The debate over whether the collapse was caused by an earthquake continued Wednesday. Murray renewed his attacks on media coverage of the disaster and insisted the collapse was caused by an earthquake, contradicting seismologists who said the cave-in itself was what registered 3.9 on the Richter scale.

"From our mining experience, we know this was an earthquake," Murray said.

"It seems to me the media's more concerned about trying to place blame than they are about the families and the actual rescue effort underground," he added.

A spokesman for University of Utah seismologists said Wednesday that all evidence indicates it was the mine collapse, not an earthquake, that registered on a seismograph early Monday, and that scientists suspect further shaking at the site is caused by settling.

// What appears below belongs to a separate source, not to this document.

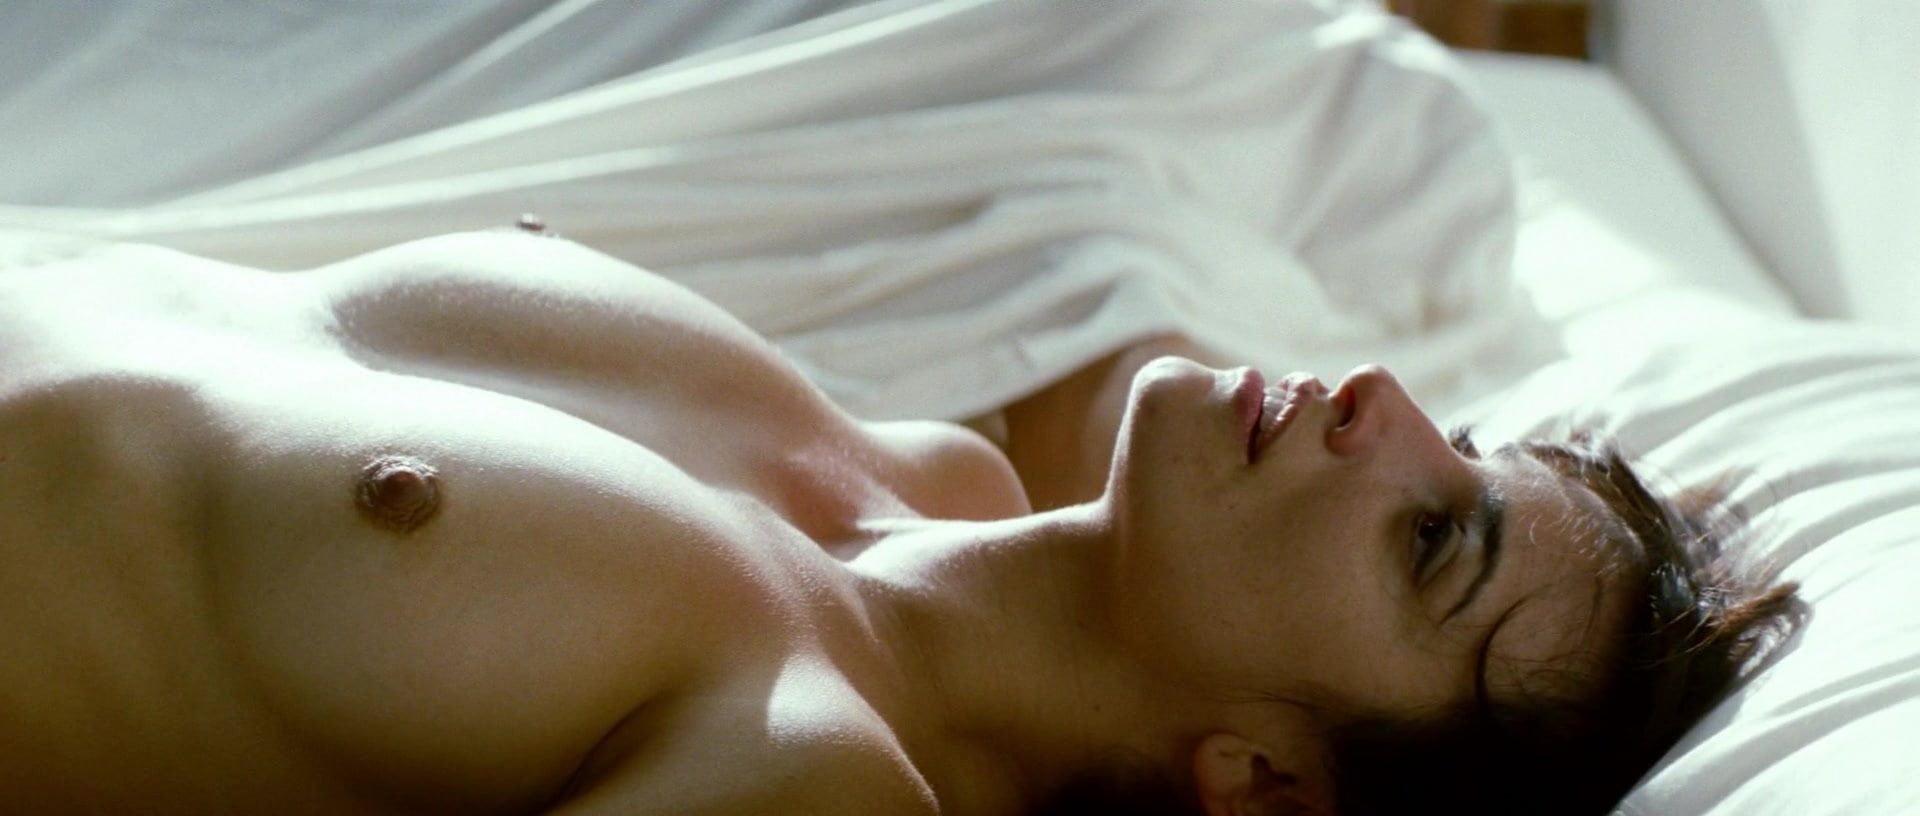 Penelope cruz fucked hard, sexy petite michelle nude

University of Utah science news specialist Lee Siegel said seismologists don't know what is actually being felt on the ground at the mine during the rescue attempts but "are presuming it's from settling." Eleven aftershocks were recorded in 1 1/2 days after the collapse, Siegel said. The largest was magnitude 2.2.

The holes being drilled to reach the miners are small — one is 2 1/2 inches in diameter and the other less than 9 inches — and will need to reach about 1,500 feet below the surface. The smaller hole was 450 feet deep by early Wednesday, but there were problems aligning the drill for the other hole, Stickler said.

"If you don't have it aligned properly, you're going to miss your target," Stickler said.

If the miners are alive, Murray said, they could survive on available air "for perhaps weeks."

The government's chief mine inspector in the West was more cautious.

"We're hoping there's air down there. We have no way of knowing that," said the Mine Safety and Health Administration's Al Davis.

Four miners escaped, but they were not in the same area as their trapped brethren, according to Murray.

The U.S. Geological Survey said it appeared the initial tremor was the mine collapse rather than a quake. Mine collapses have a seismic signature distinct from earthquakes because they tend to occur at shallower depths and at different frequencies.

Murray also lashed out at news media for suggesting his men were conducting "retreat mining," a method in which miners pull down the last standing pillars of coal after mining out an area and let the roof fall in.

But Amy Louviere, an MSHA spokeswoman, said retreat mining was going on at the mine in a remote canyon 140 miles south of Salt Lake City. She said that exactly what the miners were doing, and whether that led to the collapse, could only be answered by a full investigation.

Retreat mining has been blamed for 13 deaths since 2000.

The government requires mining companies to submit a detailed plan before beginning the process. Murray Energy submitted such a plan and received approval in 2006, Louviere said.